Indigenous presences
Nicolas Renaud will take part next Monday and Tuesday in the eighth international symposium Indigenous Perspectives on the Americas presented as part of the international festival Présence indigenous. Scholars and filmmakers from Baffin Island to Tierra del Fuego will discuss in Kahnawake and Montreal. A special issue of the journal Panorama-cinema will be launched at the same time.
“We started this symposium in 2009 to show what Aboriginal cinema can bring to understanding the world,” explains the organizer of the event, Isabelle St-Amand, professor of cinema at Queen’s University in Ontario. “This year, the focus is on connecting and helping Indigenous filmmakers around the world. These links make it possible to get through social or political crises like the one we have just experienced with the pandemic. »
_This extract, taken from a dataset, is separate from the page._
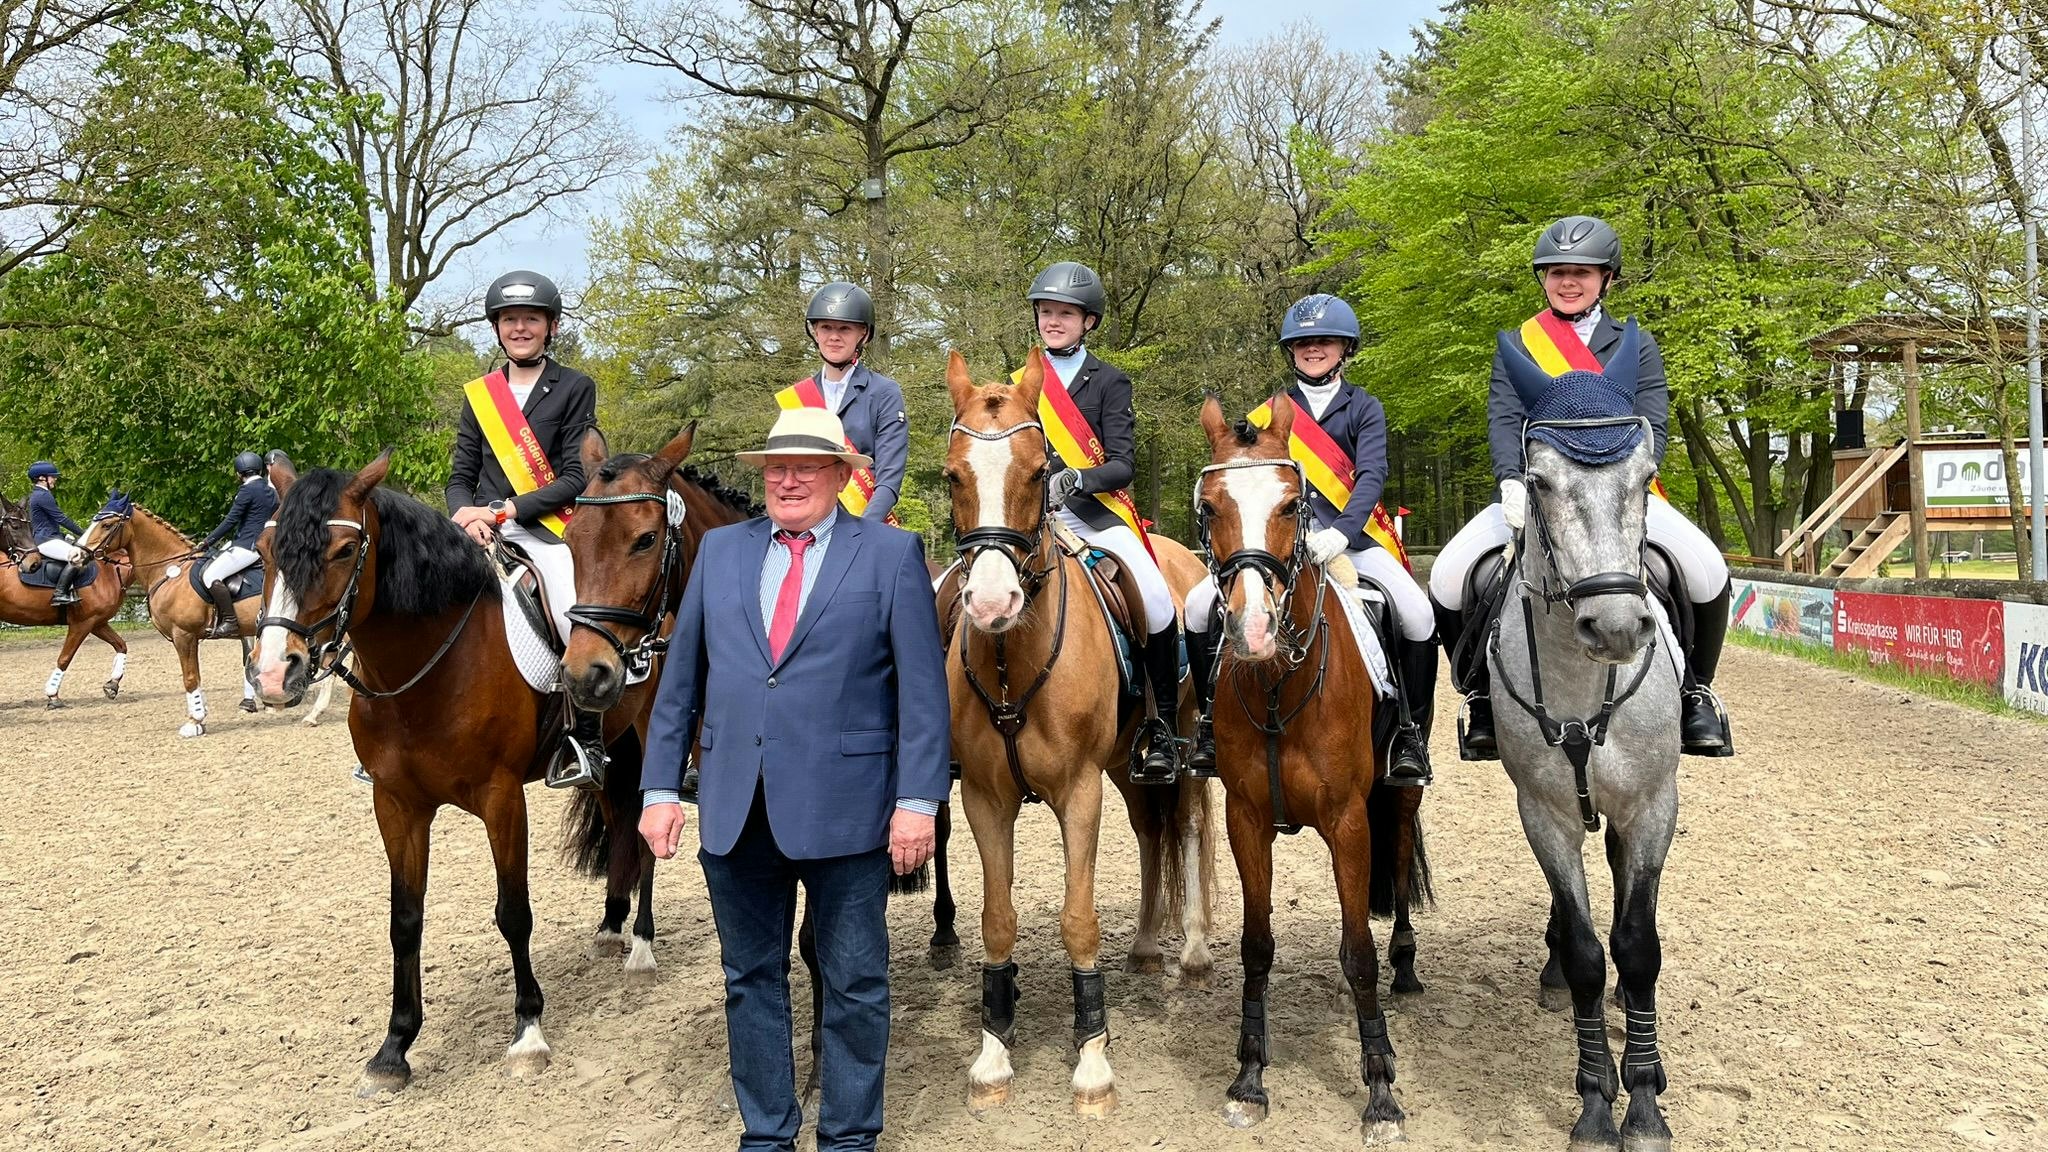 Strahlende Sieger: Wilhelm Brundiers (vorne) freut sich über den großen Erfolg seiner Reiterinnen und Reiter. Foto: Kotschofsky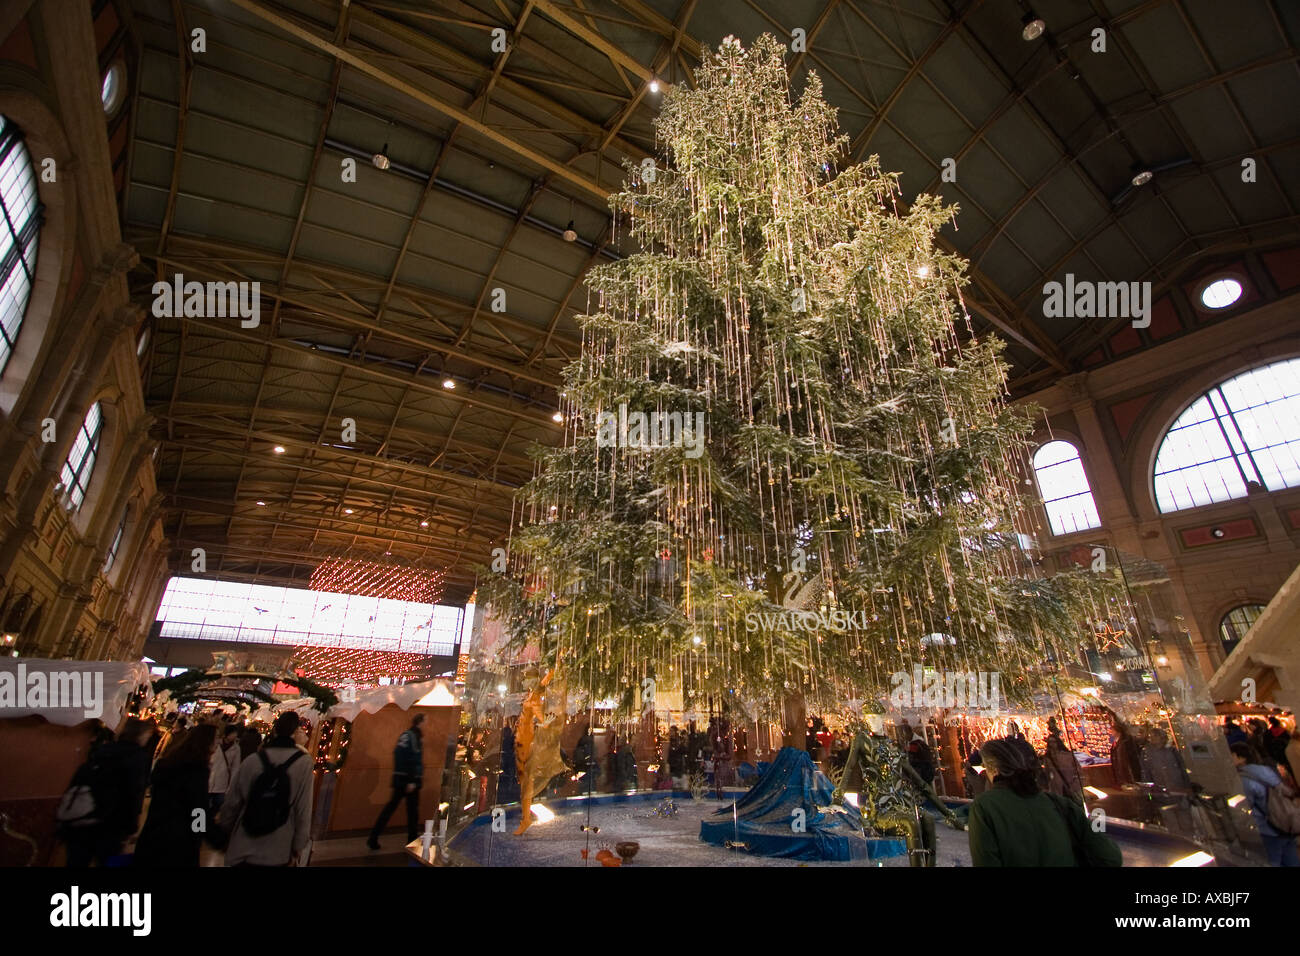 Schweiz Zürich Hauptbahnhof Beleuchtung Weihnachten Weihnachtsbaum aus  Sawarowski mit Stockfotografie - Alamy

This cinema by Aboriginals contrasts with Flaherty’s pioneering work of a century ago. Professor St-Amand cites as an example the work of director Kim O’Bomsawin, behind the documentary my name is human about the poet Joséphine Bacon and the TV series let us tell she is preparing for Radio-Canada on the eleven First Nations of Quebec and Labrador.
“Cultural reconnection is one of the major themes of current Aboriginal cinema,” explains Professor Renaud. It’s loaded with implication because in Canada, residential schools and other policies created a cultural break. »
The Inuit view
He himself, his parents and his grandparents from the Huron-Wendat nation did not suffer residential schools, but other means resulted in the cultural assimilation of his family and major ruptures among his people which made them losing a perspective on the world, a way of thinking about politics or social relations, traditional governance structures, etc. “The new generations are looking for all of this at the same time, says the educational artist, a way of projecting ourselves through the imagination out of the ecological crisis or which renews the principles of equality, for example. »
Twists and turns of a masterpiece
Professor St-Amand quotes her Seneca colleague Michelle Raheja from the University of California, who came to her Montreal colloquium a few years ago and who has written extensively on Nanook the Eskimo. Both to expose and critique the colonial vision of the film as much as to watch it from an Indigenous perspective.
“When the Inuit watch this film, they don’t necessarily see the same thing as us,” says Isabelle St-Amand. Even the gramophone record scene, they apparently find very funny. It is therefore important to consider how the Inuit themselves read this work. »
The grandson of Allakariallak (who plays Nanook), Charlie Nowkawalk, testifies in the documentary A Century After Nanook. He says he was “stunned” when he discovered the century-old film showing how his ancestors lived and the changes since in the North, despite the “dramatization” and exaggerations present in it. Nanook the Eskimo. The former mayor of Inukjuak, Simeonie Nalukturuk, born in an igloo almost 70 years ago, adds that the work allows us to take the measure of the effects of climate change on the land of Nanook the Eskimo.